惡毒的太陽照射到八月的大地,使得大地變得如同龜殼般四處開裂,相對的,也許隻有這海邊還能得到些許清涼,孩子們光著屁股,**著上身,肆意地在海水中暢遊,一個個宛如那鬧海蛟龍一般,享受著海水的溫潤,時不時有那麽一兩隻不聽話的螃蟹,想要享受一下孩子們腳趾上的鹹鮮,卻都會最終落入孩子們的嘴中。
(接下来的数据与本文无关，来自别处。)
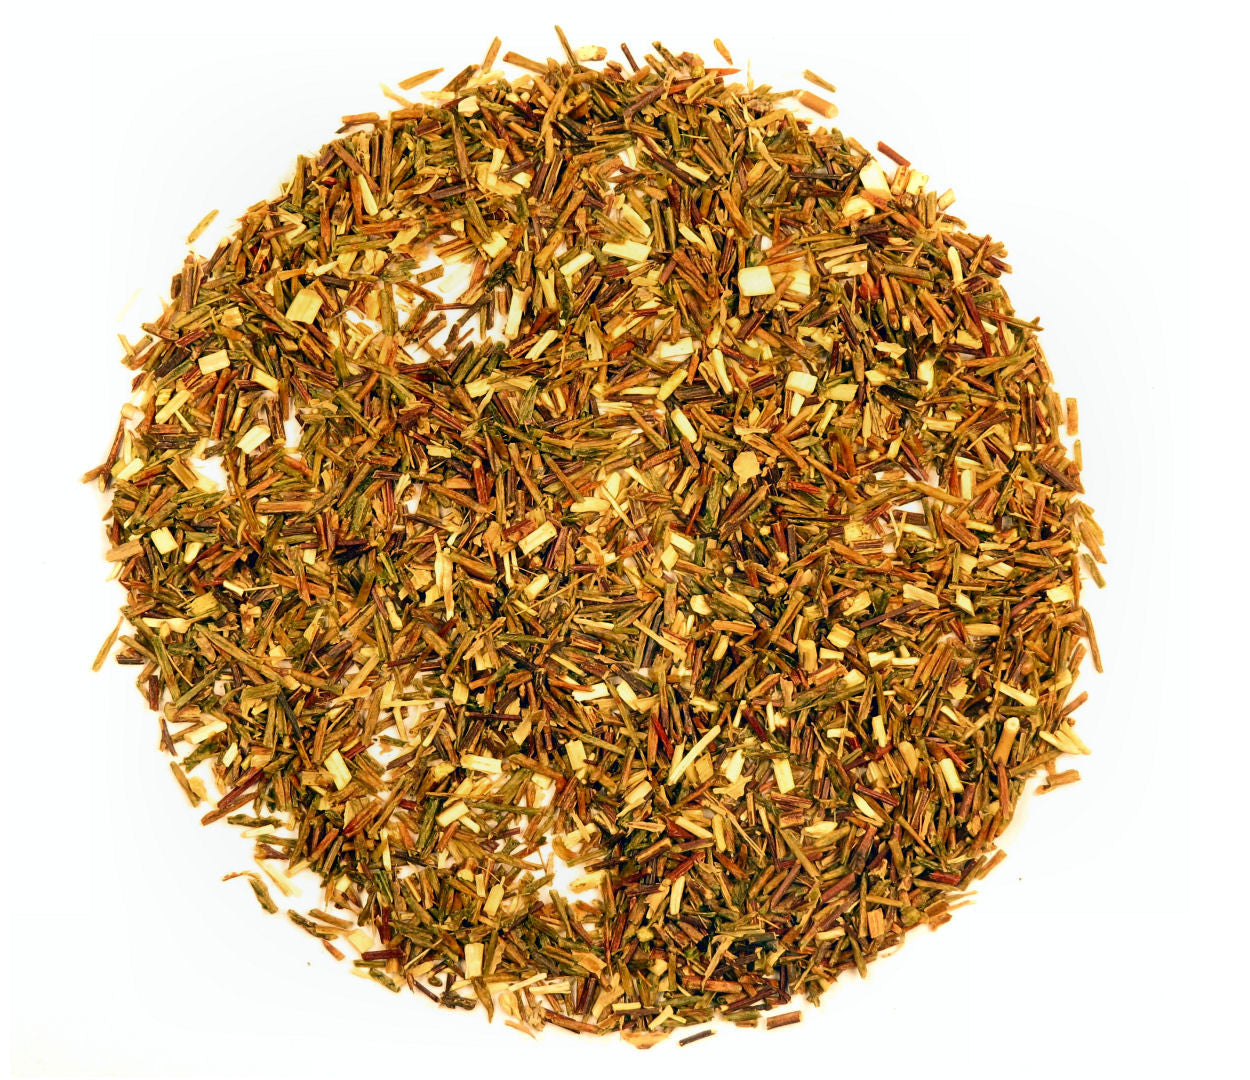 Green Rooibos herbal tea

日頭漸漸西斜,潮汐也隨之向海岸邊撲來,在海邊長大的孩子們都知道,是時候回家了,於是三三兩兩成群結夥往回走去,海岸邊三五裏的地方,有著零零散散的小村莊,這時候挨家挨戶的炊煙也都嫋嫋地向著天空升起,偶爾還能夠聽到雞鴨見到小惡霸們回來而四處奔逃的聲音,還有跟隨在小惡霸們身後的最忠實狗子的吠聲,零星的父母喝罵伴隨著孩子們的嬉笑從田舍間傳來。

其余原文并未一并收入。